For those following Weight Watchers, this Vegan Mushroom Pâté is relatively low in SmartPoints. The estimated SmartPoints value is 2 SmartPoints per tablespoon, making it a diet-friendly choice for those looking to maintain or lose weight while enjoying a flavorful spread.

Additional Tips

  1. Texture Adjustments: For a chunkier texture, pulse the pâté a few times in the food processor rather than blending it completely smooth. This adds an extra dimension to the spread.
  2. Flavor Variations: Experiment with different herbs and spices to customize the flavor profile. For example, adding a pinch of nutmeg or a splash of white wine can offer unique twists.
  3. Storage: Store the pâté in an airtight container in the refrigerator for up to one week. It can also be frozen for up to 3 months. Thaw in the refrigerator before serving.
  4. Pairing Suggestions: This pâté pairs wonderfully with a variety of accompaniments such as pickles, olives, or a selection of cheeses. It can also be used as a filling for stuffed mushrooms or as a topping for baked potatoes.
  5. Health Benefits: Mushrooms are a great source of vitamins and minerals, including Vitamin D, potassium, and antioxidants.
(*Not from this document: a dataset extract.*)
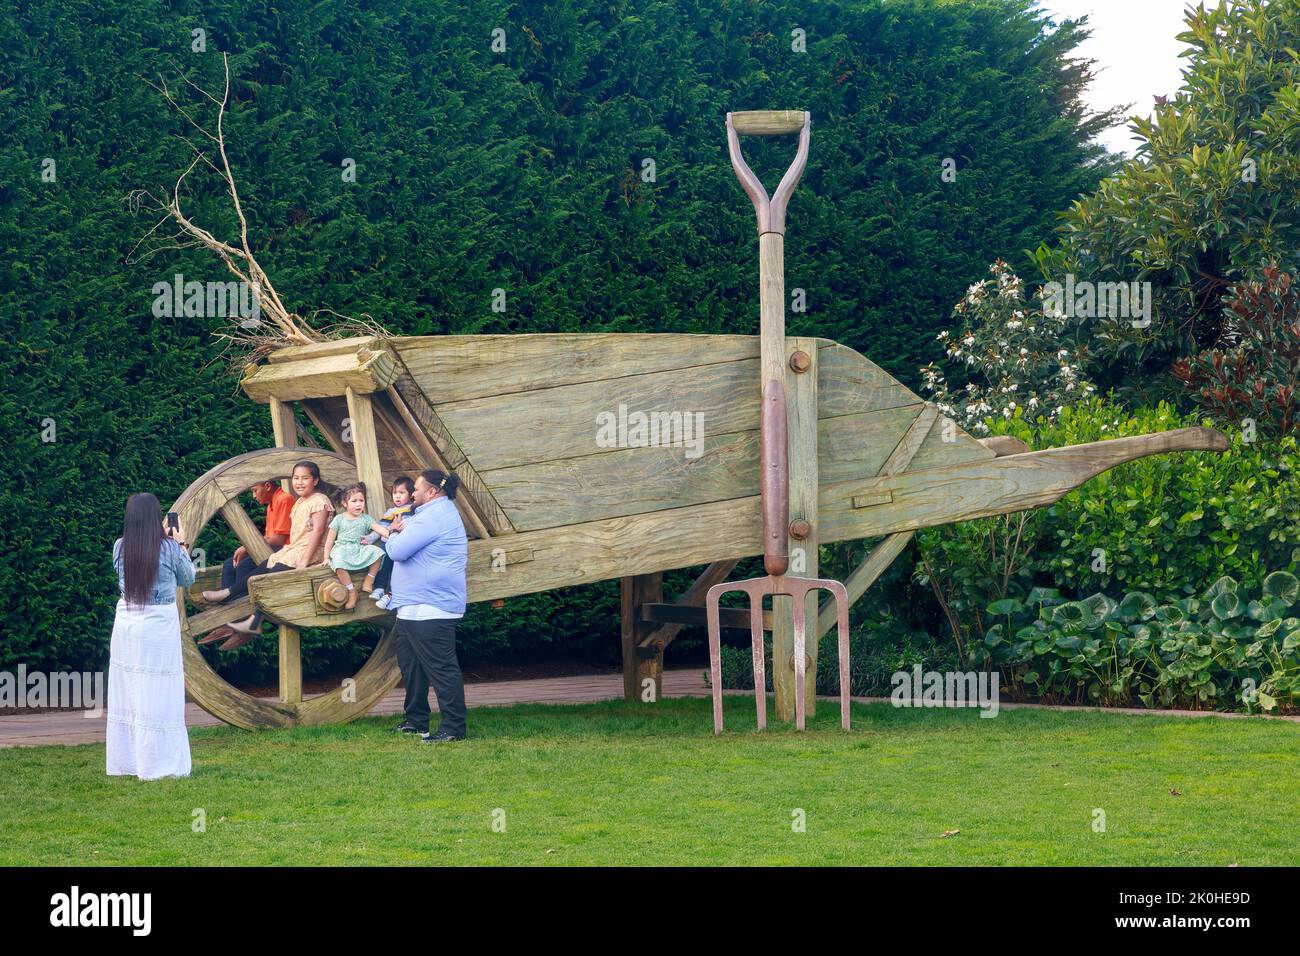 Une famille pose à côté d'une brouette géante dans le jardin surréaliste, l'un des jardins à thème du parc Hamilton Gardens, Hamilton, Nouvelle-Zélande Banque D'Images

This pâté is not only delicious but also offers nutritional benefits that support overall health.

Conclusion

This Vegan Mushroom Pâté offers a sophisticated and healthful alternative to traditional spreads. With its rich, savory flavor and low SmartPoints value, it’s an excellent choice for a variety of dietary needs and preferences. Whether you’re hosting a dinner party or simply looking for a nutritious snack, this recipe is sure to impress.